An improved version that avoids allocating the array and the points in it looks like this:

function get3JSMaskedLineNoAlloc(pt1, pt2, pixels, clr1, clr2) {

  const deltaX = pt2.x - pt1.x;
  const deltaY = pt2.y - pt1.y;
  const lineLength = Math.sqrt(deltaX ** 2 + deltaY ** 2);
  const nSegs = Math.max(2, Math.round(lineLength / segLen));
  testedPoints += nSegs + 1;

  let orto = pt2.subtract(pt1).rotate(90);
  orto.length = 1;

  let visibleLines = [];
  let firstVisible = null;
  let pt = new Point();
  let prevPt = new Point();

  for (let i = 0; i <= nSegs; ++i) {

    pt.x = pt1.x + i / nSegs * deltaX;
    pt.y = pt1.y + i / nSegs * deltaY;

    let clrHere = getPixel(pixels, pt.x, pt.y);
    let isVisible = clrEq(clrHere, clr1);
    if (!isVisible) isVisible = clrEq(clrHere, clr2);
    if (!isVisible) {
      clrHere = getPixel(pixels, pt.x + orto.x, pt.y + orto.y);
      isVisible = clrEq(clrHere, clr1);
      if (!isVisible) isVisible = clrEq(clrHere, clr2);
    }
    if (!isVisible) {
      clrHere = getPixel(pixels, pt.x - orto.x, pt.y - orto.y);
      isVisible = clrEq(clrHere, clr1);
      if (!isVisible) isVisible = clrEq(clrHere, clr2);
    }

    if (isVisible && firstVisible == null) {
      firstVisible = pt.clone();
    }
    else if (!isVisible && firstVisible != null) {
      if (!firstVisible.equals(prevPt)) visibleLines.push([firstVisible, prevPt.clone()]);
      firstVisible = null;
    }

    prevPt.x = pt.x;
    prevPt.y = pt.y;
  }
  if (firstVisible != null && !firstVisible.equals(pt2)) visibleLines.push([firstVisible, pt2.clone()]);
  return visibleLines;
}

With this function the crazy RAM usage was gone, and the execution time went down to about 16 seconds.

Round 3: Bare metal

Next I wanted to see what was the penalty of running this in Javascript, as opposed to running on bare metal. I added some helpers to download the canvas’s pixels and the lines to be tested as a text file with lots of numbers. I then implemented the same function as a small program in Go, which is my favorite language these days when I want to compile to machine code.
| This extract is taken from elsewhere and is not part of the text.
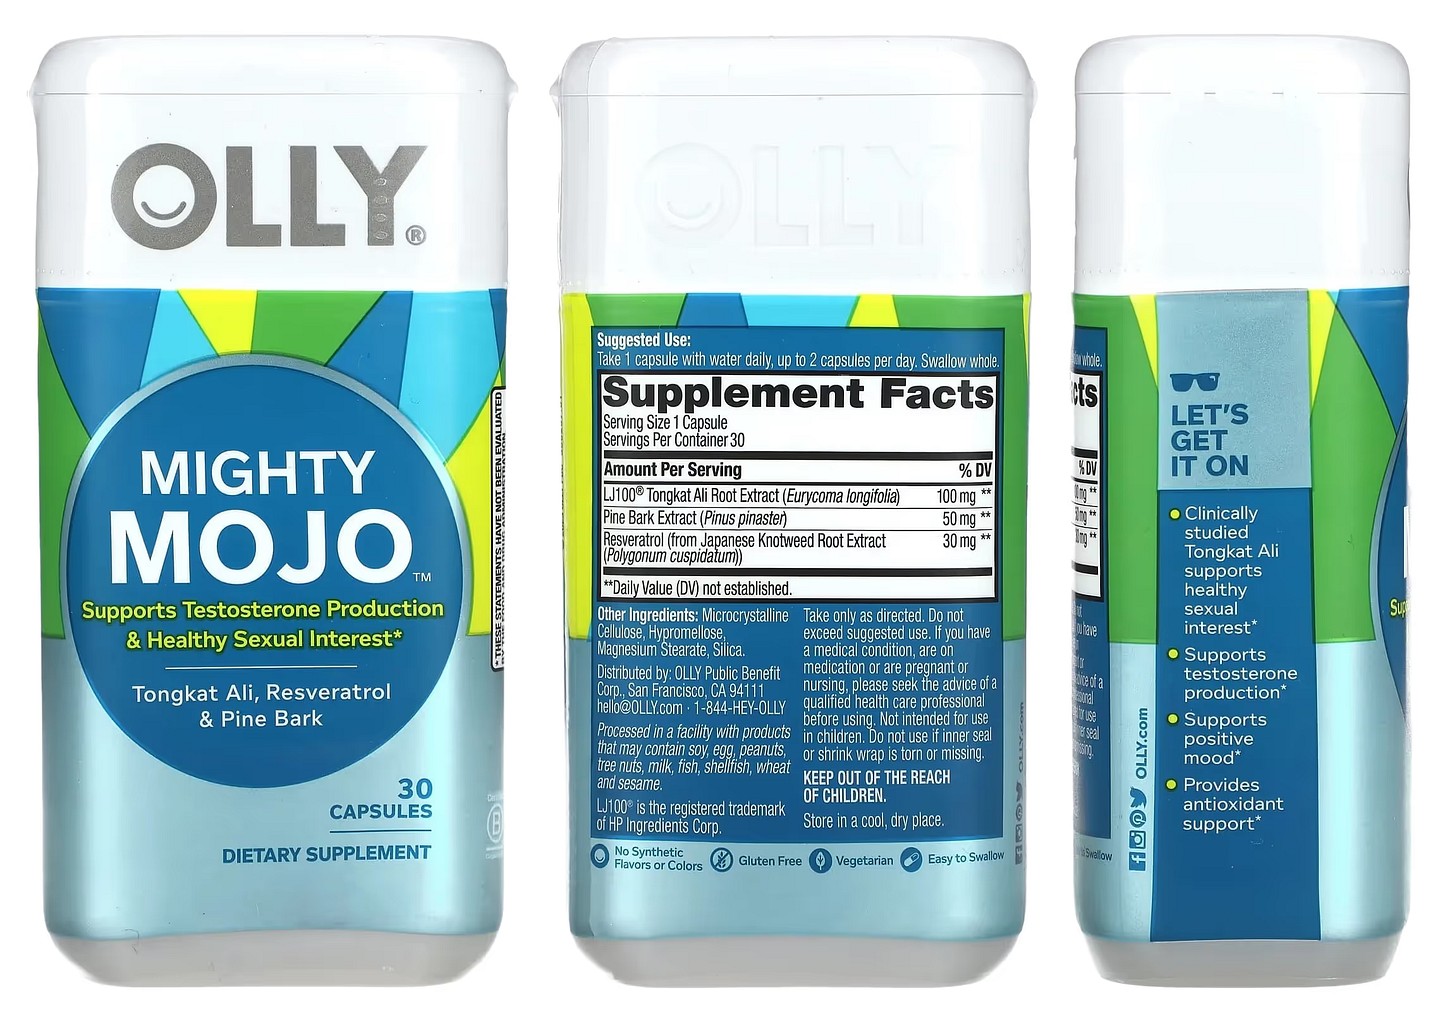 OLLY, Mighty Mojo packaging

I’m sharing this program as a Gist: line-masker.go. It crunches the same lines in about 2.1 seconds in my environment.

Testing pixels in a shader

Getting from 300 seconds to 50 seconds to 16 seconds in Javascript was not bad, but I really wanted to see if this could be offloaded to the GPU for a dramatic improvement. This was my rough idea at the start:

• The points on different lines can be tested independently of each other, so there’s reason to expect a gain from GPU-style parallelism.
• I can put the masking image on a texture.
• Each tested line has 10 values: the XY coordinates of the two end points (2+2), and the RGB values of the two colors of the faces to each side (3+3). This data can fit into two additional textures because I can combine the six 8-bit RGB values into two 32-bit floats.
• A fragment shader using a dynamic loop can walk along a single line, and write the coordinates of the first and last visible points as four color values into an output texture.
• This way I can only find the first visible sub-segment of a line, not all visible sub-segments. But I can call the shader again for the rest of the line, until no more visible sub-segment is found.

There are two aspects of this that mean it only works on WebGL2, not WebGL. One is the need for textures with 32-bit float values. The other is the need for a dynamic loop.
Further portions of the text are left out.